Sono queste contraddizioni e sperimentazioni continue a fare di David Bowie un mostro, la sua influenza sulla musica è inesplorabile per gente come me – anche perché esiste una separazione ideale tra me e Bowie da questo momento in poi, ma pur sempre fraternamente o appassionatamente fervida nello scambio a distanza, tanto che se ne possono percepire battiti sul lungo andare. Al contrario di molti musicisti che hanno messo il sedere a terra sugli allori del proprio genere e della propria età, Bowie è stato un fulgido sperimentatore che ha provato sempre a rinnovarsi, un furetto che voleva capire la musica elettronica prima che esplodesse, un innovatore che non avrebbe mai smesso di cercare una direzione al suo sound. Lo dimostrano persino gli ultimi due album, che riportano la maestria del camaleonte pazzo ad altissimi livelli, dimostrando la profonda distanza che separa il ragazzo venuto dallo spazio dalla scena contemporanea. Anche si trattasse solo di puro marketing, gli stilemi di Bowie hanno continuato a funzionare anche nel Duemila, e lui ancora una volta è riuscito a prendersi gioco di tutti. Ancora una volta ci ha spiazzato, deriso, ma con la creatività di chi in fondo vuol farci solo un regalo. Poi ci ha straziato, e messo alle strette in un angolino delirante a provare a decifrare i suoi messaggi, come al solito. Laggiù, tutto è ordine e bellezza, calma e voluttà, dice L’invito al Viaggio di Baudelaire, e così è stato questo piccolo viaggio di inizio anno dentro la mente sempre ricca di mostri e visioni di David Bowie.

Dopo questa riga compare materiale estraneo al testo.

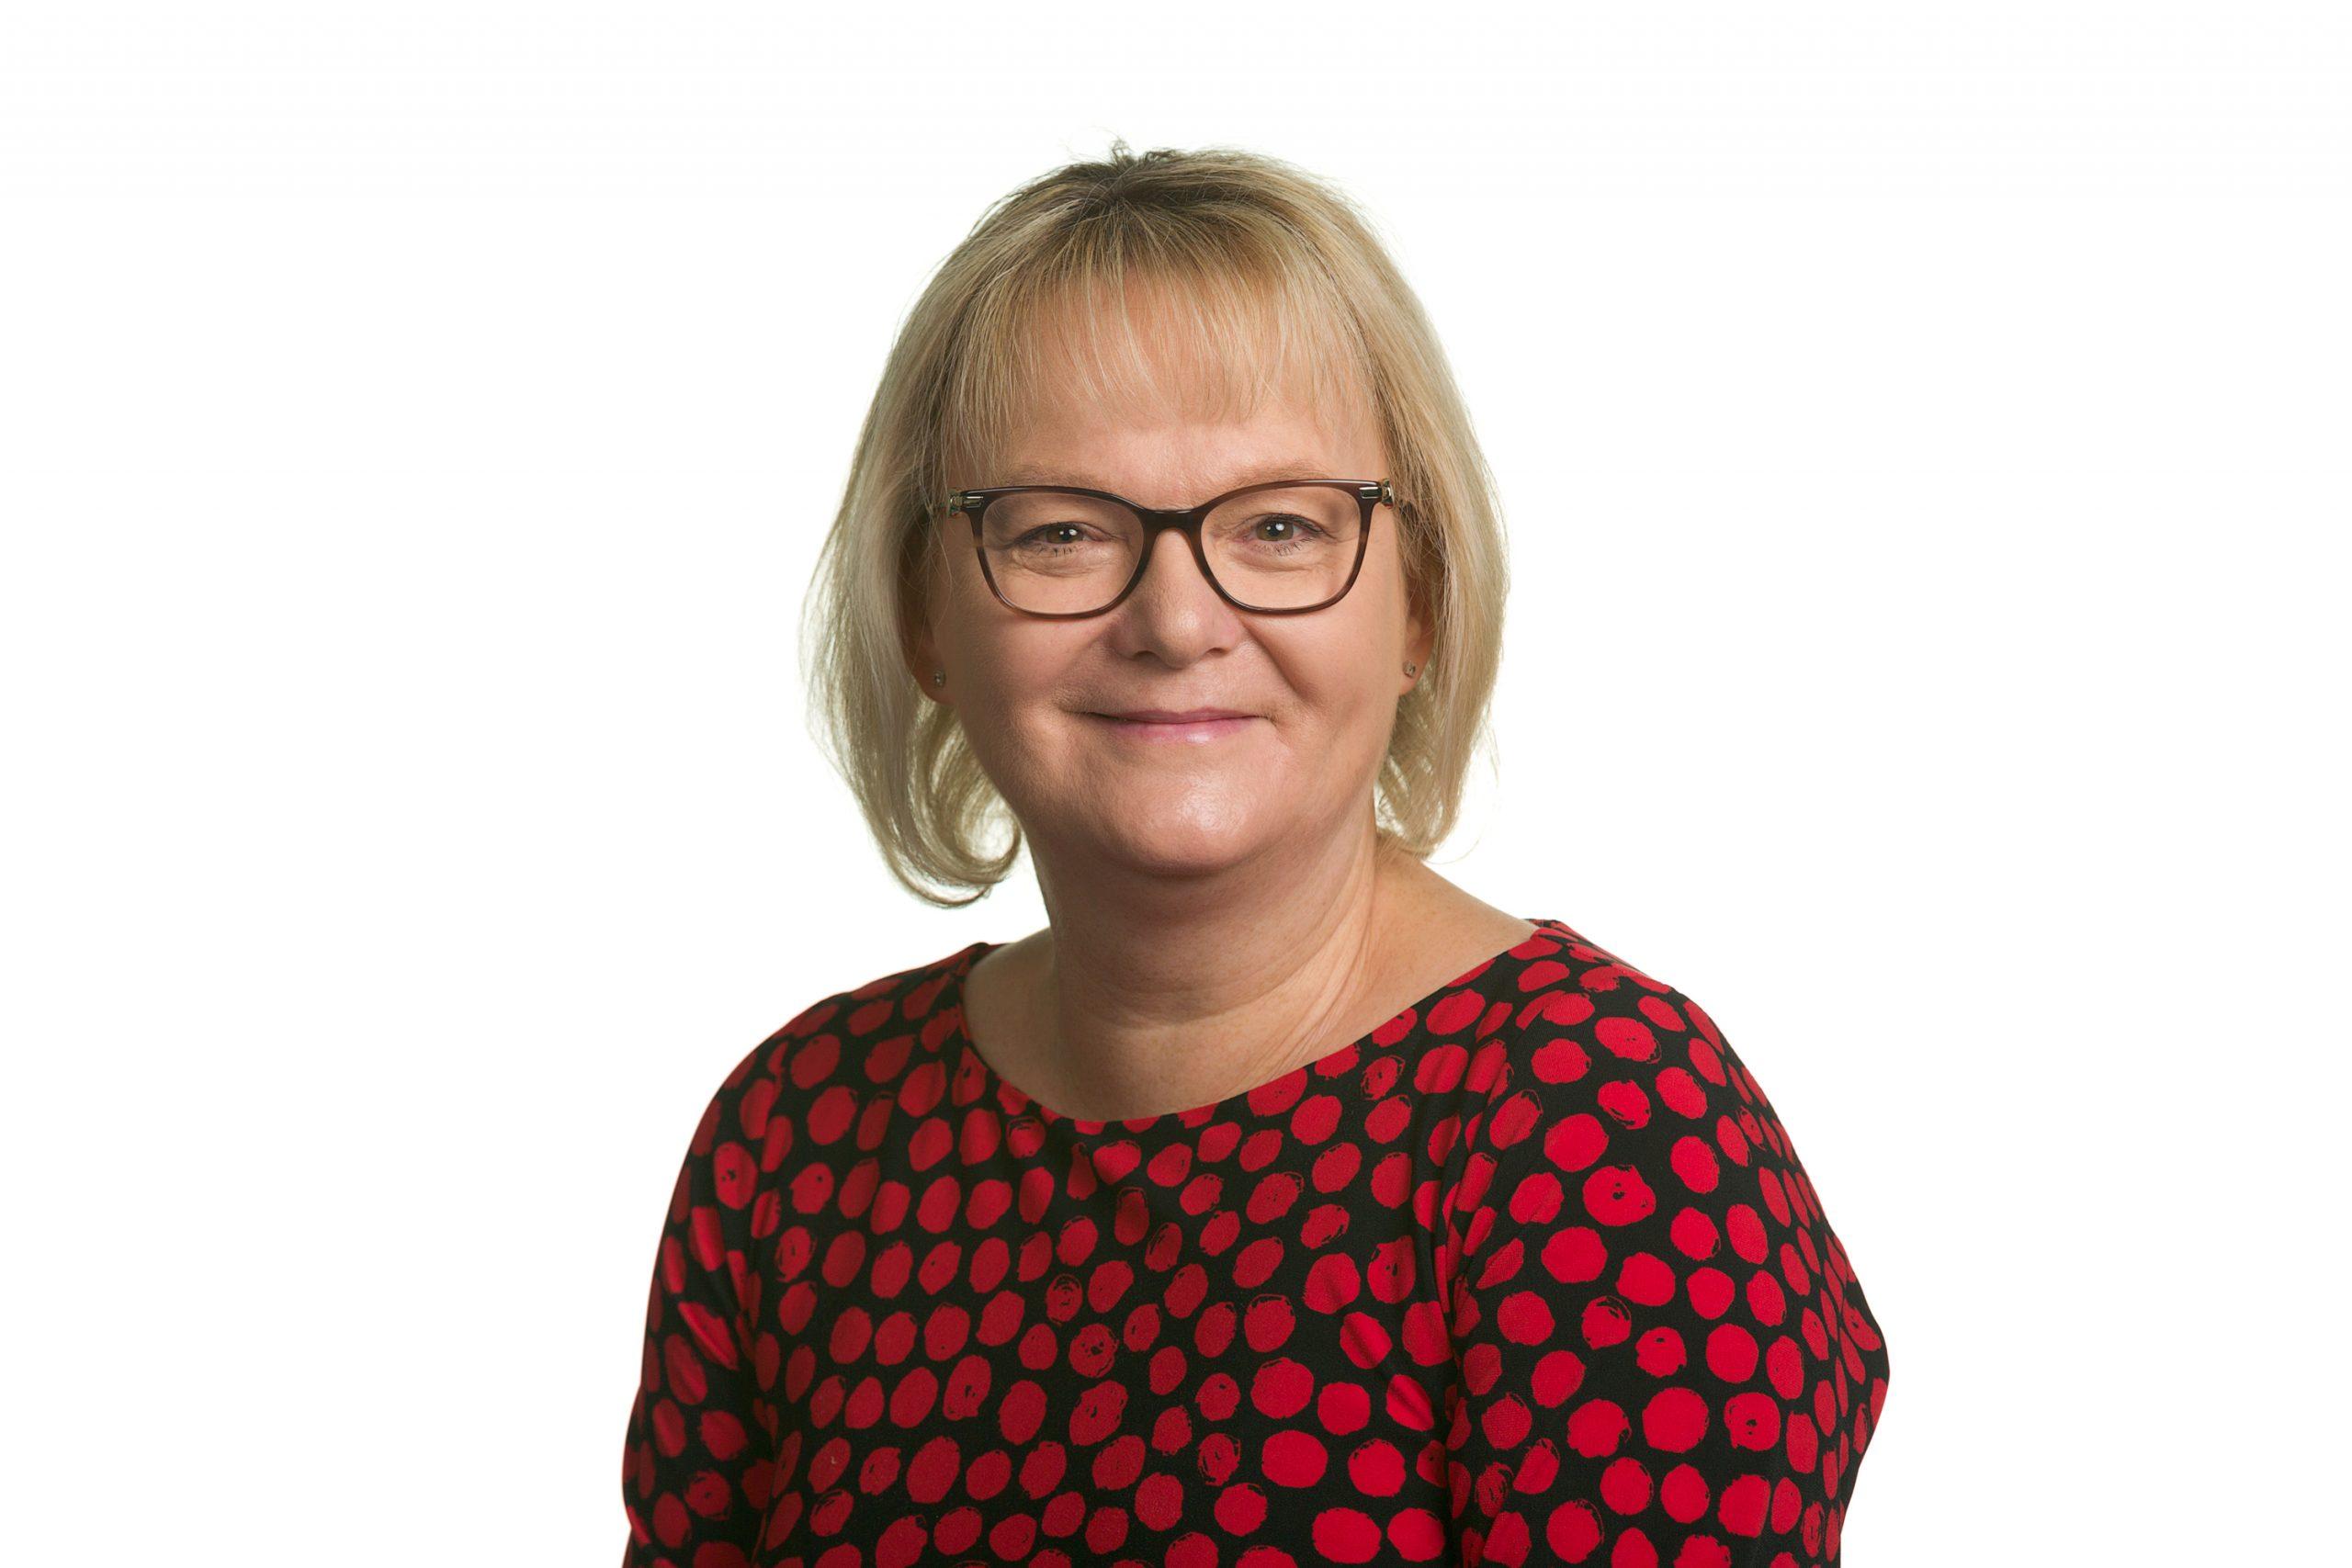 Denise Hunt - Head of Programmes at SMI

Ci siamo lasciati trascinare ancora una volta, dalla sua straziante vita da dandy, e ci siamo fatti accompagnare verso il viaggio finale, l’ultimo. Grazie di tutto Bowie, da Blackstar a ritroso nella memoria.
parole di Gio Taverni
E per concludere questo piccolo viaggio, sentite qua come viene raccontato, poi mettete un disco a caso e salvatevi dal delirio lì fuori.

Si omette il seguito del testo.